As one way to understand the learning opportunity provided by our real-world client 
engagements, we turn to a learning theory that focuses on the learning potential created by 
the boundaries between and within organizations - in our situation, the boundary between 
school and the client's organization. Within an academic context, this type of boundary 
spanning can be created via the establishment of an industry-academic collaboration 
(Kingma, 2011). Specifically, scholars have observed that boundaries carry learning potential 
and that boundary crossing and boundary spanning are activities that are conductive to the 
construction of new knowledge (Heckman, Oserlund & Saltz, 2015). 

This idea has been derived from the rapidly growing literature on knowledge sharing across 
boundaries in organizational and community contexts. Some researchers have examined 
how learning can leverage boundaries. For example, Akkerman and Bakker define a 
boundary as a "sociocultural difference leading to a discontinuity in action or interaction" 
(Akkerman & Bakker, 2011, p. 133).
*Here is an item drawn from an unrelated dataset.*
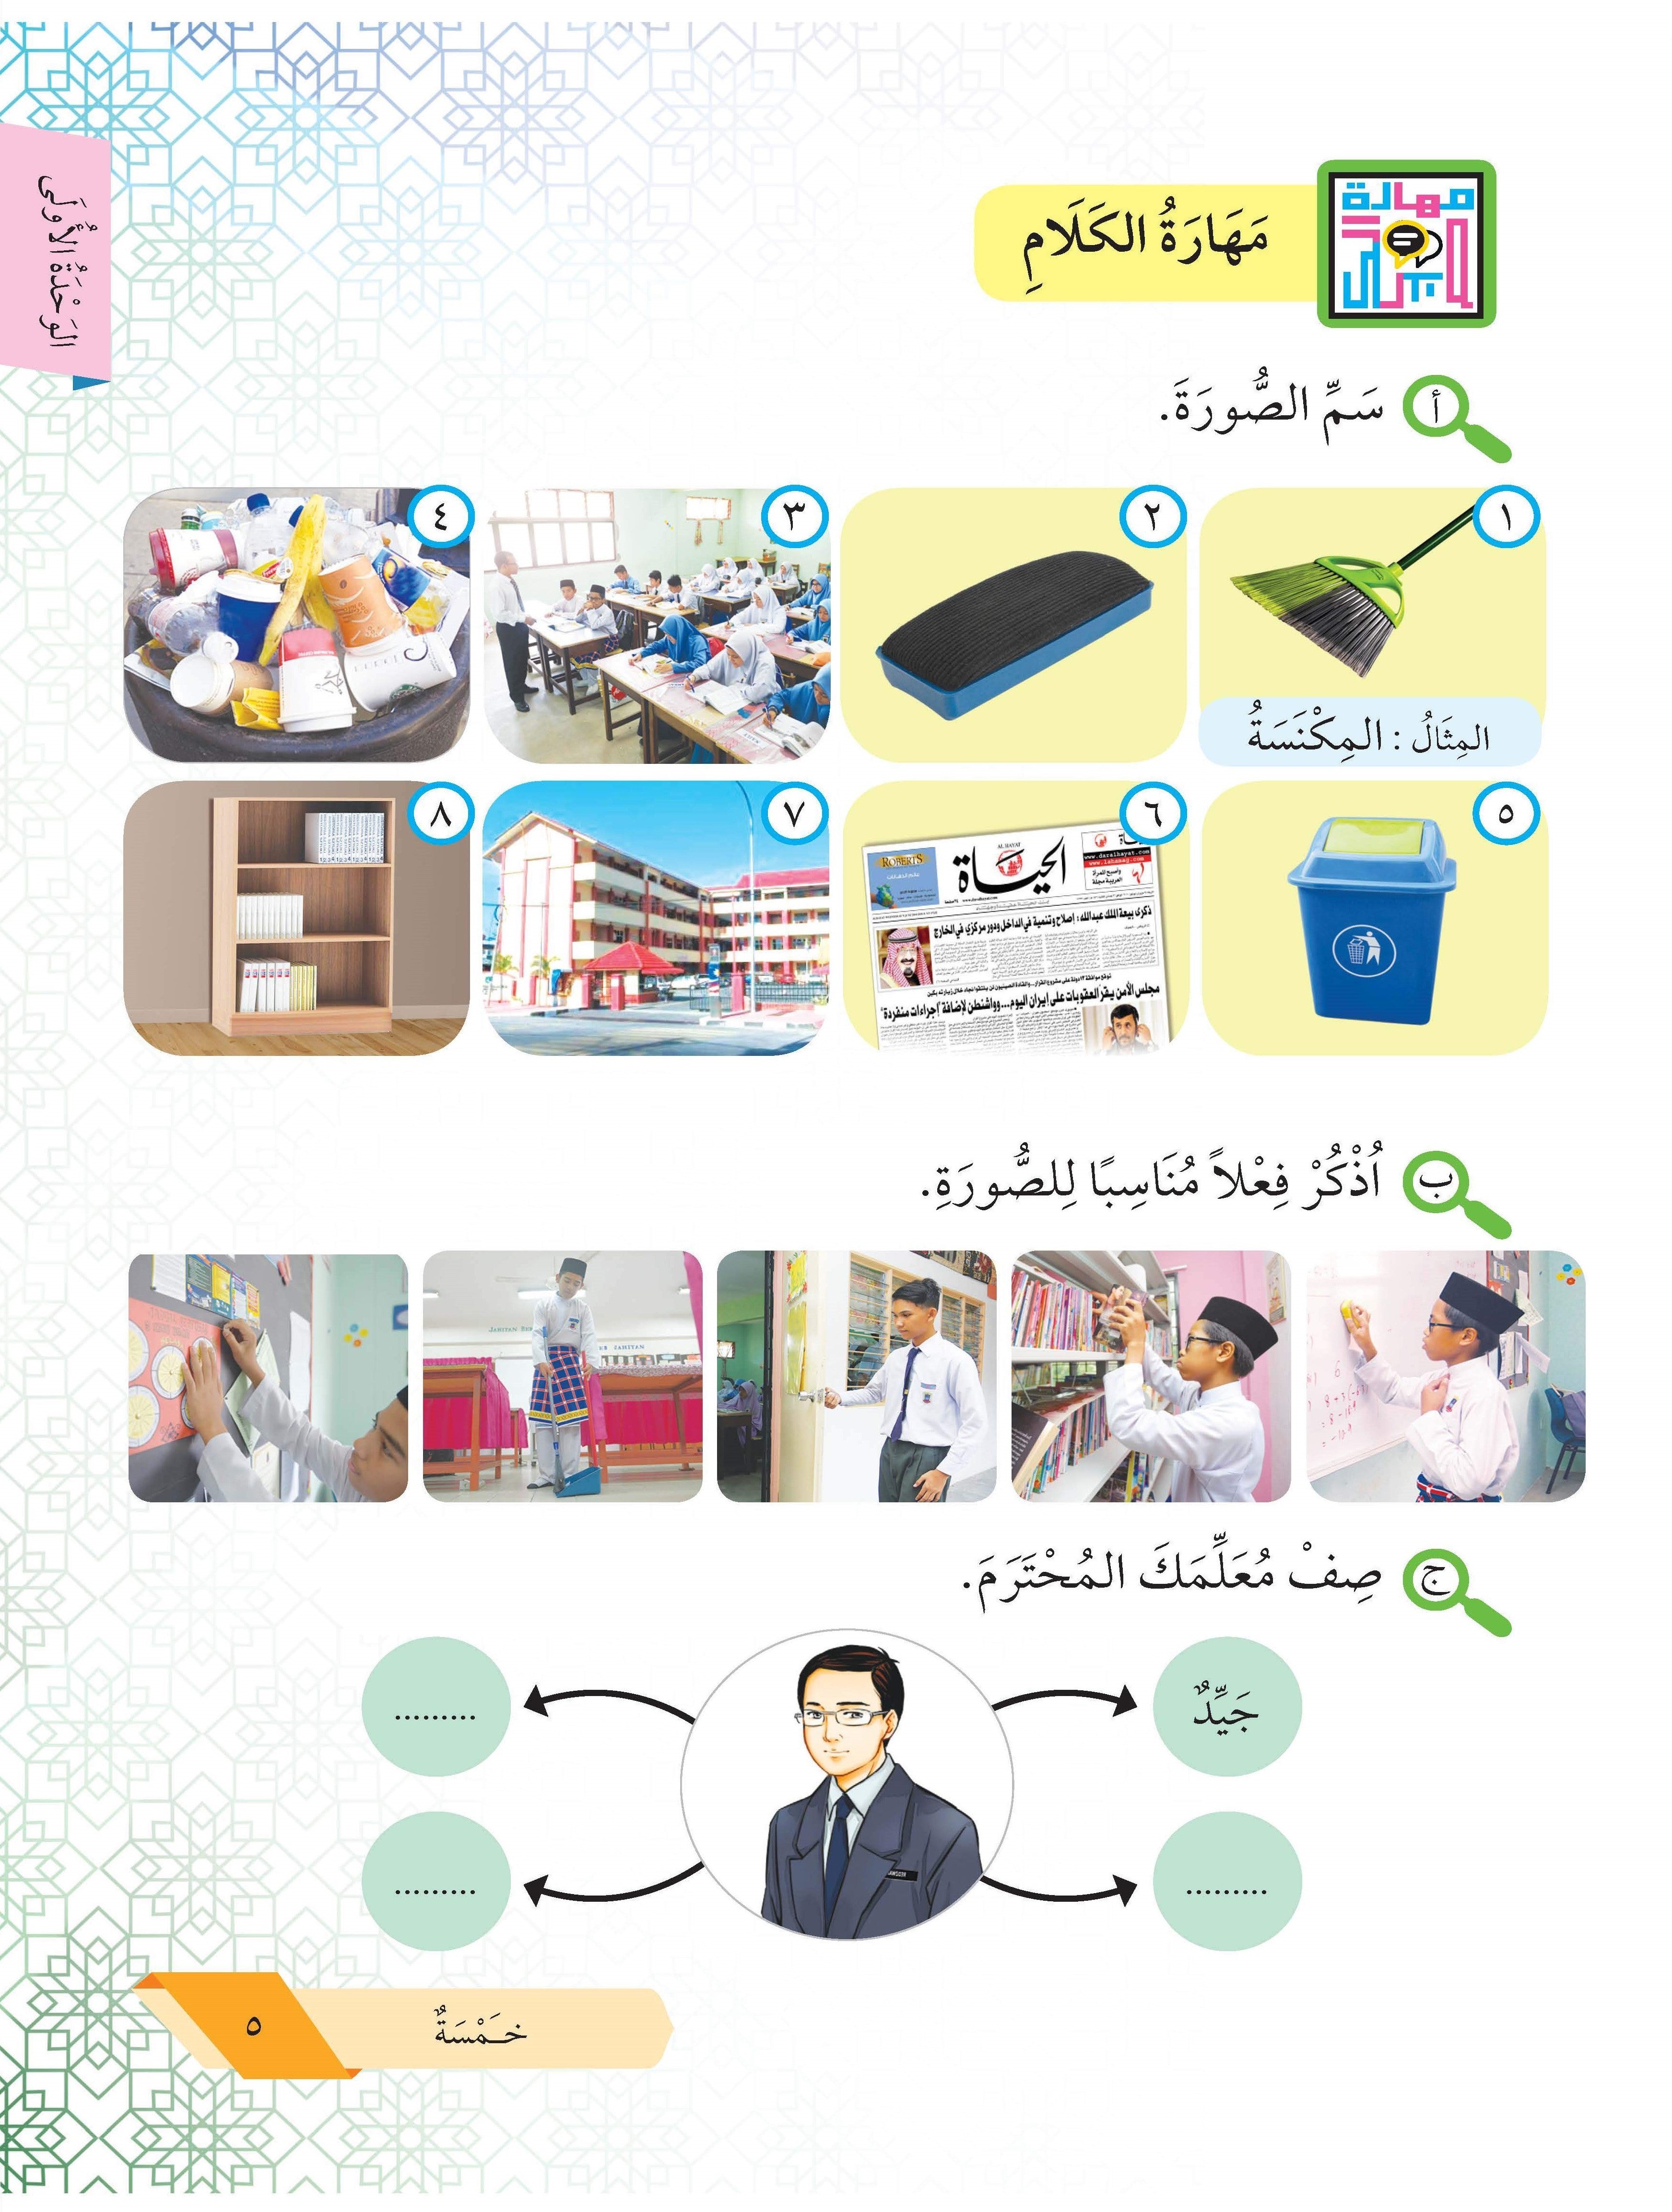 Bahasa Arab Tingkatan 1 - (FT211099)

Such situations create opportunities for learning because 
existing ways to describe knowledge often are not effective in the new situation. The 
simultaneous coexistence of difference and similarity allows for the creation of useful 
artifacts that carry meaning on either side of a boundary and can be shared between them, 
and this artifact plays a pivotal role in learning (Heckman, Oserlund & Saltz, 2015). 

Researchers have begun to explore how industry-academia boundaries can be leveraged to 
facilitate professional growth. Harreveld and Singh (2009) noted the importance of how to 
think about learning when crossing the boundary between work and school. However, as 
Eraut (2004) notes, the intentional facilitation of boundary spanning between school and 
work has largely been absent, and for that reason, the full learning potential of boundary- 
spanning remains unrealized (Heckman, Oserlund & Saltz, 2015). 

Specifically, the way people in a work context do their work, talk about, and conceive 
problems differ from an academic context. At the boundary between academic work and 
"work work", participants do not simply convert and transfer their knowledge into a 
different form understandable to people in a different group. In other words, their 
knowledge is not merely a mental (cognitive) capacity or resource to transfer but something 
that must be truly internalized. An emphasis on boundary spanning calls for a practice- 
based approach to learning. In this approach, knowledge is not treated as a thing or 
possession stuffed into people's brains but an ability rooted in social practices. Only through 
the genuine engagement in organizational practices do participants learn how to act 
knowledgably in a given context (Suchman, 2007). Learning involves changes in how 
people are present in a broad array of arrangements, some mental, some material, and some 
organizational. Learning takes place not only as legitimate peripheral participation in one 
community but as mastery of relationships to many communities. 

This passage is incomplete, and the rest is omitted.